入れ歯(部分入れ歯)やブリッジの人も歯周病になる可能性あり

 歯周病は、歯の周りの歯茎におこるため、総入れ歯の人には患いません。
 しかし、部分入れ歯やブリッジなどを使用している人は、入れ歯を固定するバネの周りに歯垢がたまりやすく、掃除も困難です。ブリッジの人もブリッジのダミー部分に歯垢がたまりやすいです。

歯周病のメカニズム

歯周病歯周病は歯茎と骨の病気です。
プラーク(歯垢)が歯と歯ぐきの間にたまると歯茎に炎症が起きて「歯周ポケット」と呼ばれる隙間ができ、プラーク(歯垢)がどんどんたまりやすくなります。
それが放置されるとポケットがどんどん深くなり、進行すると歯を支える骨も破壊されて吸収してしまい、手遅れになると歯を失うことになります。
従って、歯を失わないためにはプラークを徹底的に除去し、歯茎の炎症を抑制することが必要です。

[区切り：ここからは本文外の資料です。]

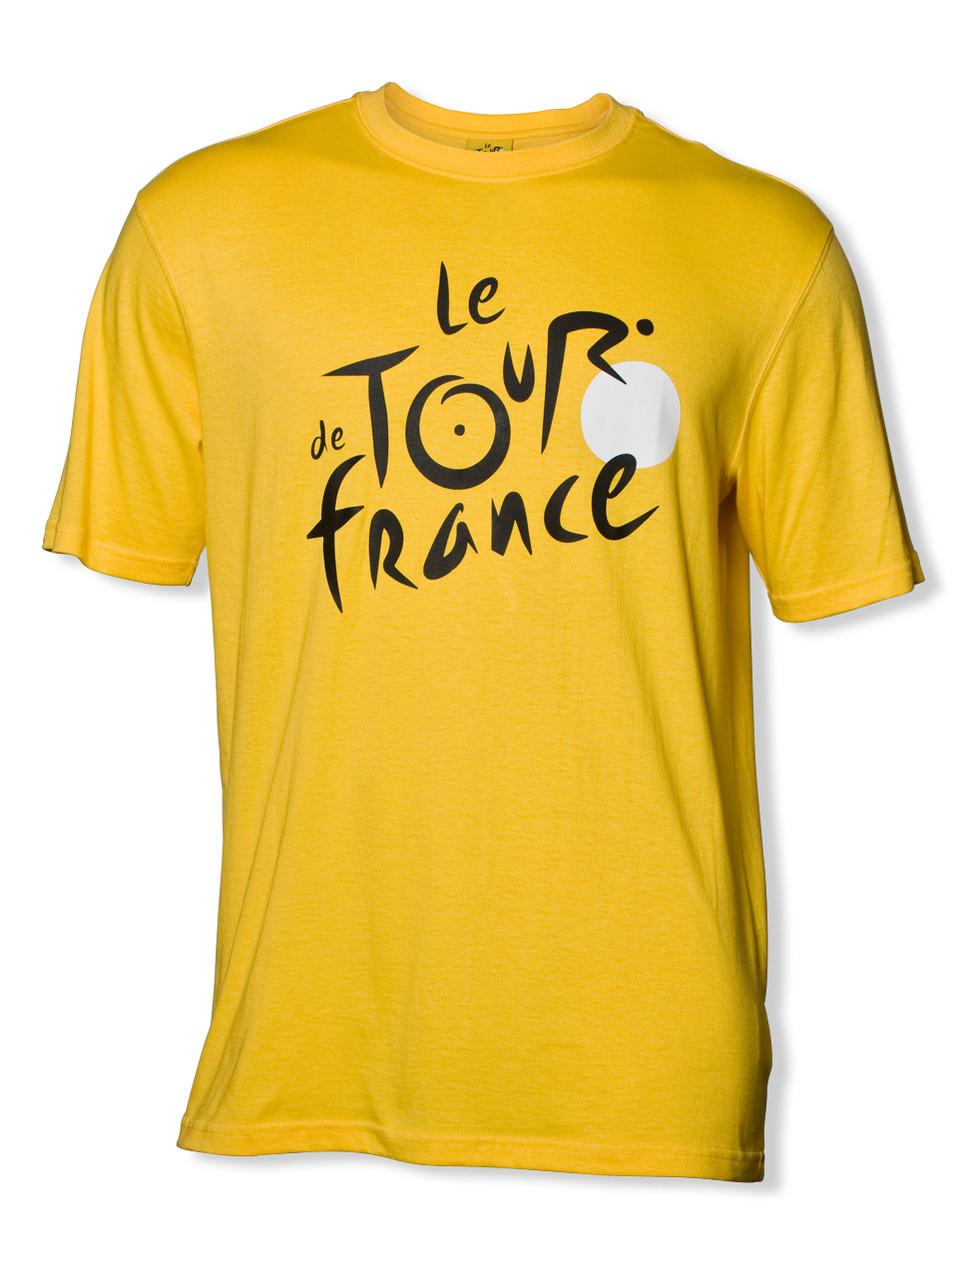 Le Tour De France Logo T Shirt In Yellow Adult Sizes Peak Cycle Wear

歯周病の原因はプラークの中にいる歯周病菌ですが、歯周病のかかりやすいリスク因子があり、それらが関係しあって影響を及ぼします。

リスク因子には、喫煙、糖尿病、薬剤の副作用、女性の思春期、妊娠、更年期、ストレス、骨粗鬆症、偏った食生活、歯並びの悪さなどがあげられます。

歯周病予防方法

歯周病の原因となる歯周病菌を減らす為には、毎日の歯みがきでプラークを除去していくことが必要です。 みがき残しをなくすために、効果的な歯みがきの方法や、歯間ブラシのような口の中の状態に応じた道具の使い方を身につけていただくことが重要です。
しかし、歯ブラシでは落としきれない頑強なバイオフィルムという構造体が歯にこびりつくことがあります。 これを除去するためには定期的に専門的なクリーニング(PMTC)を受けていただくことが必要です。

PMTCとは

歯科医師や歯科衛生士による専門器具を使った歯のクリーニングです。毎日きちんと磨いているつもりでも、歯と歯茎の間に磨き残しが出てしまいます。残った歯垢はやがて歯石になり、この歯石は歯みがきでは取り除けず、ほうっておくと歯周病の原因菌が住み着く温床になるのです。